Human Origins - What Makes Us Human?

The study of the human species poses a unique problem, which is that the researchers are also the object of the study. Because of this, human attempts at self-explanation has lack in objectivity over the years. For instance, the Greek philosopher Aristotle said that all life was arranged according to a fixed hierarchy, but not surprisingly he then put humans at the top of the order. However, despite all these difficulties, the search to understand who we are and where we come from is indeed a worthwhile quest.

What makes us human and other primates not? Very little. According to the genetic code of our DNA, humans and their closets relative, chimpanzees, are 98% identical. Despite this, it is not difficult to tell a human from a chimpanzee. We have large brains for our body size, something which has been linked to higher intelligence relative to human ancestors and other primates, and we also walk on to legs, which is known as bipedalism. Chimpanzees on the other hand have a specialized way of walking on four legs, also known as knuckle-walking.

Taking another approach, some scientists have reasoned that it is our special cognitive skills what makes us human, such as to make tools and use them, or our capacity for abstraction which has made things like art, music and language possible. These high level cognitive skills may not be as unique to humans as they appear though. Chimpanzees have been observed using rocks to crack open nuts and leaves as a sponge to drink water from a shallow pool. Studies have also shown that American sign language can be taught to apes in captivity, thereby proving that nonhuman primates can learn a symbolic/abstract language.

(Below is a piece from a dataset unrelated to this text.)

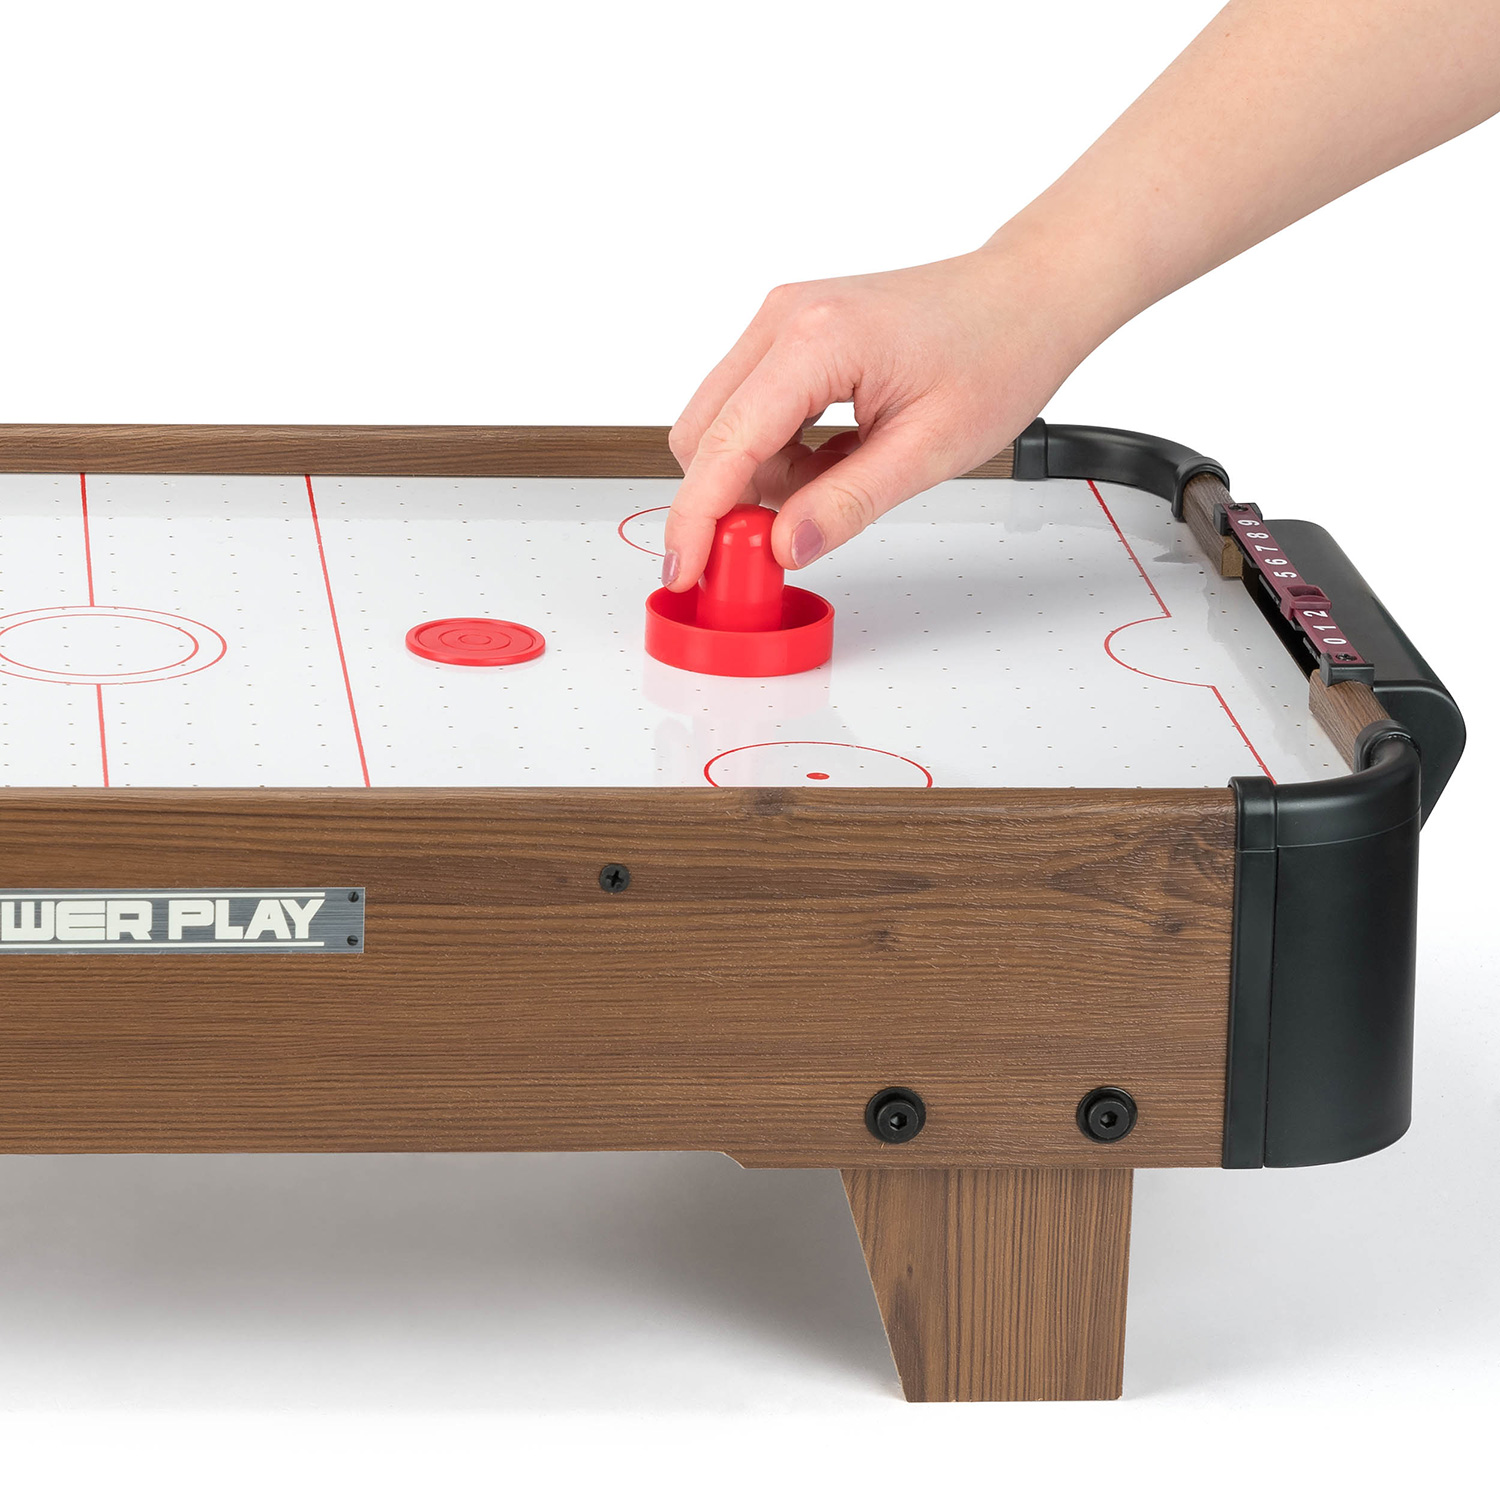 Toyrific Air Hockey Tisch Power Play

Despite Aristotle's interpretation, it is clear that humans are part of a large biological spectrum, which makes it difficult for researchers to single out our particular species. That doesn't stop them from trying however. Finding the answer to the question What makes us human? is something many professionals, especially paleoanthropologists, geneticists and archaeologists, have dedicated their careers to. Most of them begin looking back into our evolutionary past.

To sum up - Humans belong to a biological continuum which makes it difficult to single out one species from another, but researchers continue to search for traits that makes humans unique.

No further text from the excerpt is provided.